根本原因是IDRAC 温控进程异常,无法准确实时的反馈GPU实际工作温度,从而使GPU过热宕机;
Racadm直接调整风扇转速方式:
查看当前值:
[root@xxxxx ~]#racadm -r BMCIP -u xxx -p xxx get System.ThermalSettings.FanSpeedoffset
Security Alert: Certificate is invalid - self signed certificate
Continuing execution. Use -S option for racadm to stop execution on certificate-related errors.
[Key=System.Embedded.1#ThermalSettings.1]
FanSpeedOffset=Off
设置风扇转速值为3:【0 low fan speed、1 medium fan speed、2 high fan speed、3 max fan speed】
[root@xxxxx ~]# racadm -r BMCIP -u xxx -p xxx set System.ThermalSettings.FanSpeedoffset 3
Security Alert: Certificate is invalid - self signed certificate
Continuing execution. Use -S option for racadm to stop execution on certificate-related errors.
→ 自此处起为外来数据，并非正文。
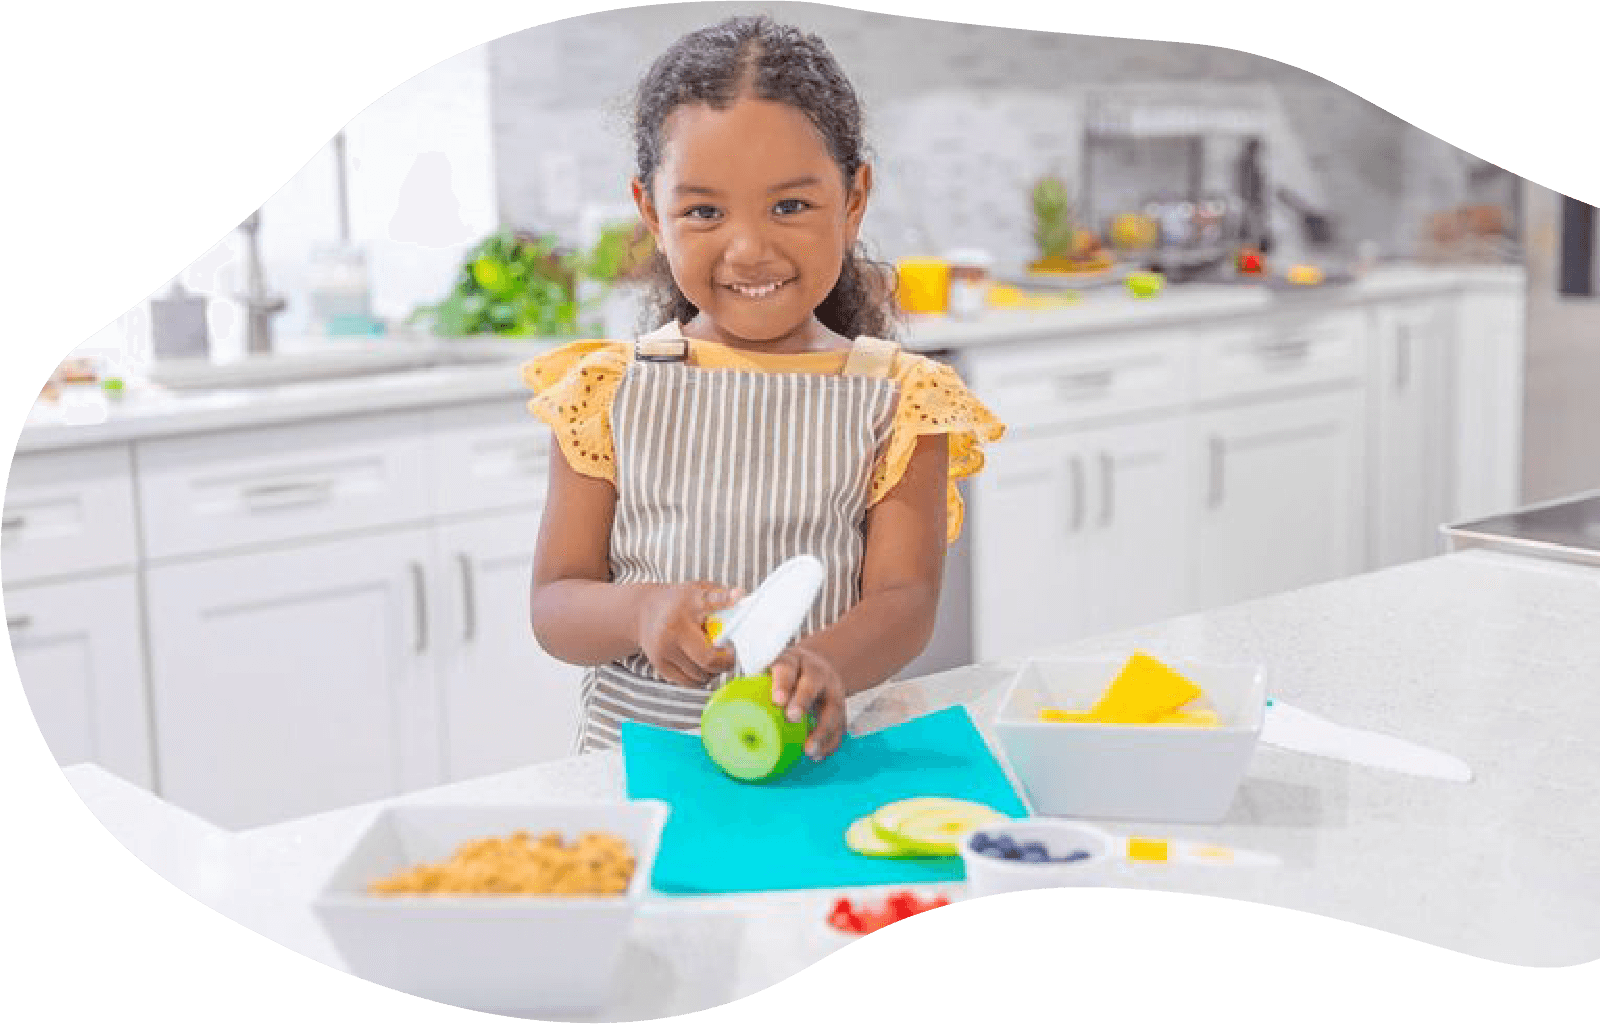 Tovla Jr. Kids Kitchen 3 Knife & Foldable Cutting Board Set Green 2pk -  20900974

[Key=System.Embedded.1#ThermalSettings.1]
Object value modified successfully
设置完成后再次查看:
[root@xxxxx ~]#racadm -r BMCIP -u xxx -p xxx get System.ThermalSettings.FanSpeedoffset
Security Alert: Certificate is invalid - self signed certificate
Continuing execution. Use -S option for racadm to stop execution on certificate-related errors.
[Key=System.Embedded.1#ThermalSettings.1]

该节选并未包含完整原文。